天然のPAK遮断物質には、ウルソール酸やARC (Artepillin C) など、分子中にカルボン酸を有したものがある。これら酸性の物質は細胞膜を通過しにくいため、薬理作用が弱いので、臨床には不向きである。そこで、その細胞膜透過性を高めるために、そのカルボン酸の水酸基に水溶性の “Triazole 環” を付加するという解決法が最近、インドの科学者によって、少なくともウルソール酸で成功している(前述)。“Triazole 環” を付加する方法はいくつかあるが、最近よく使用されているのは、“Click Chemistry” を応用したアプローチである。 この方法は米国のScripps 研究所の Barry Sharpless 教授によって、20世紀末に発明された方法で、Cu 触媒を利用した水中で進行しうる比較的温和な、かつ収率の極めて高い化学反応である。

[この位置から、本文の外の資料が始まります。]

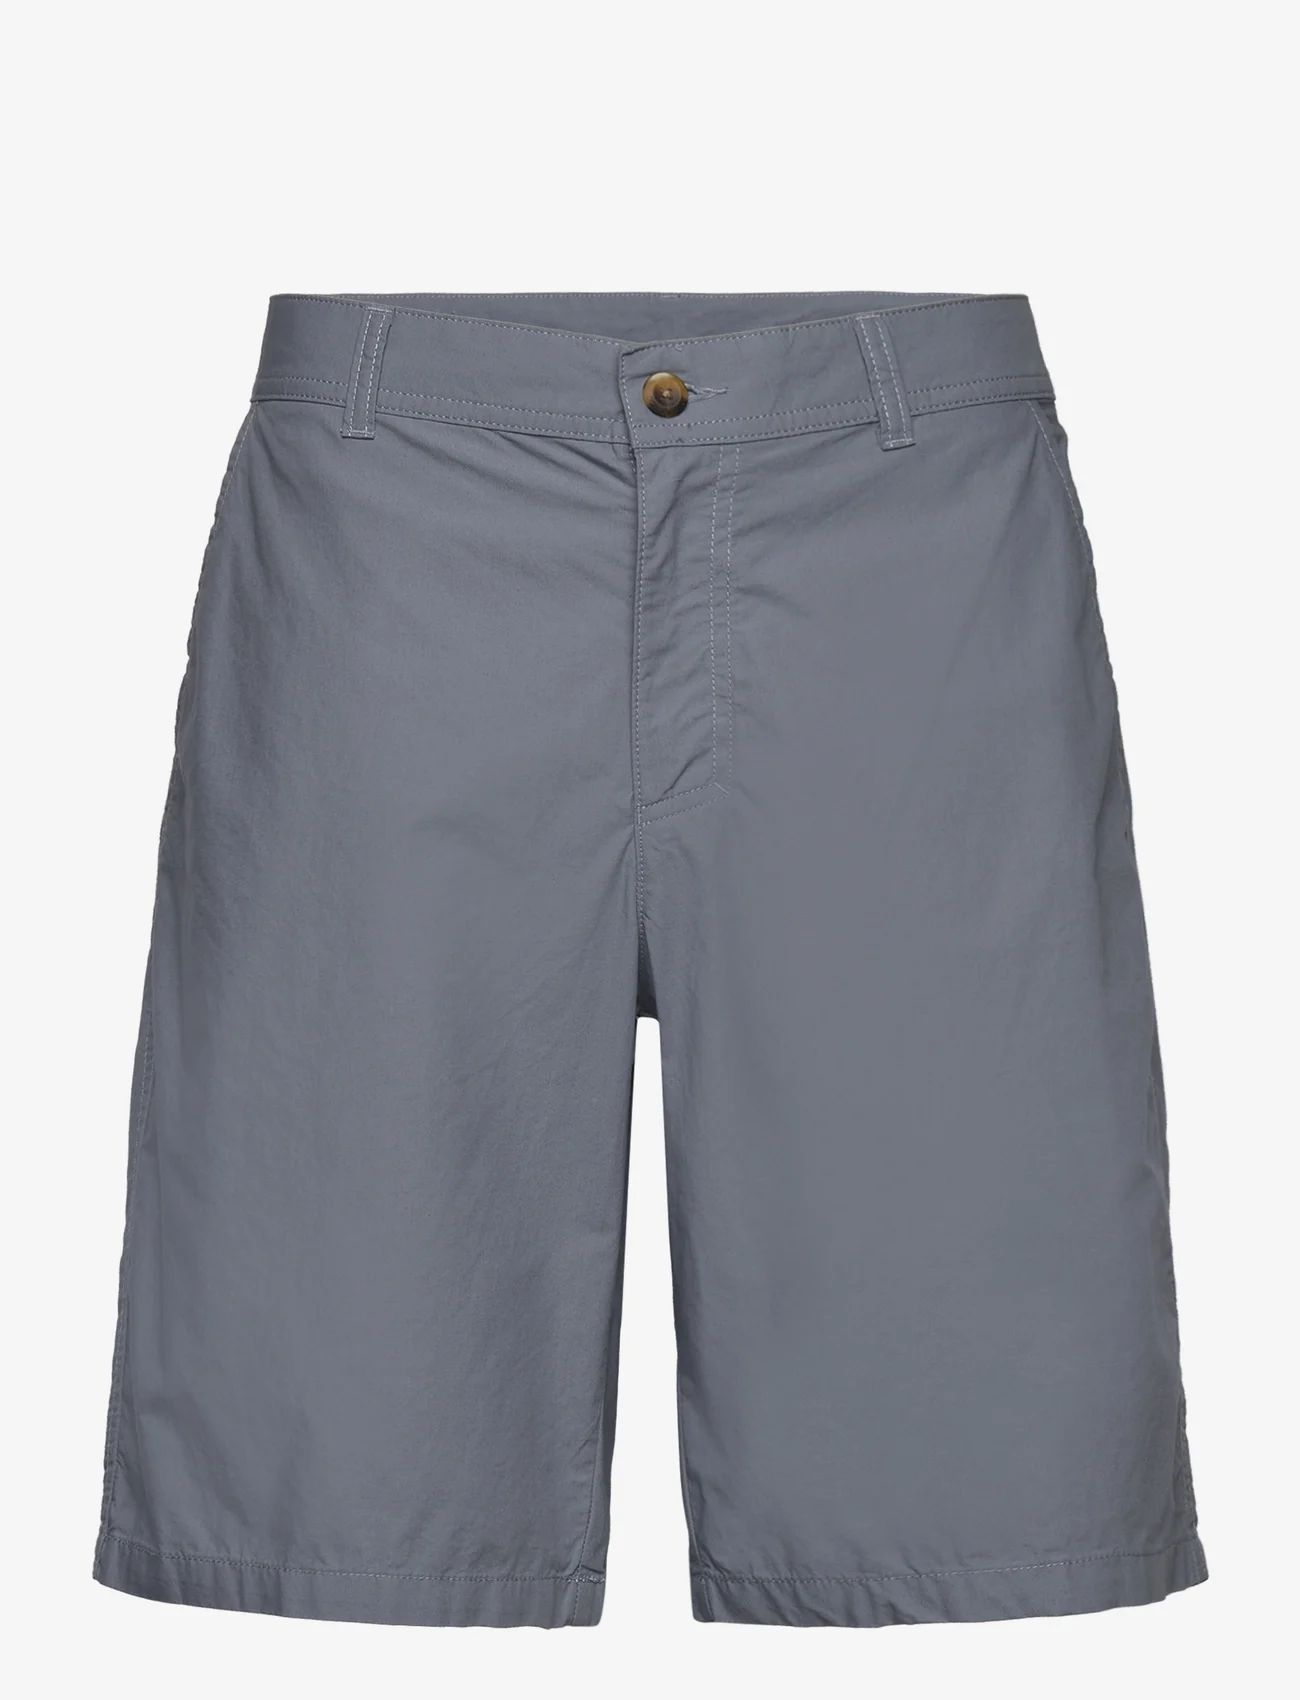 Columbia Sportswear - Washed Out Short - laagste prijzen - grey ash - 0

Click」とは、シートベルトがカチッと音を立ててロックされるように、素早く確実な結合を作る様子をたとえた言葉である。アルキンとアジド化合物が付加環化反応を起して1,2,3-Triazole 環を作ることは1961年にロルフ・フイスゲンによって報告されている。 Sharplessはこの反応 (Huisgen Reaction) を、“Click Chemistry”の中心的な反応として位置づけた。


 
 
 
インドでは最近、薬剤のカルボキシル基に"Triazole環"を付加して、その薬理作用を増強させる試みが流行っている。有名な鎮痛剤 “アスピリン”[アセチルサリチル酸]はPAK遮断剤の一種であるが、カルボキル基があるため、細胞透過性がひどく悪い。脳腫瘍細胞に対する IC50 2 mM 2000 microM)である。 ところが、Triazole環を付加すると、その抗がん作用が少なくとも 20倍に上がる(IC50=100 microM)。 もっとも、IC50=100 microMでは、抗がん剤としては、まだ実用性がないが、例えば商標 “Azapirin”で、鎮痛剤や美白剤として販売すれば、飛ぶように売れるに違いない。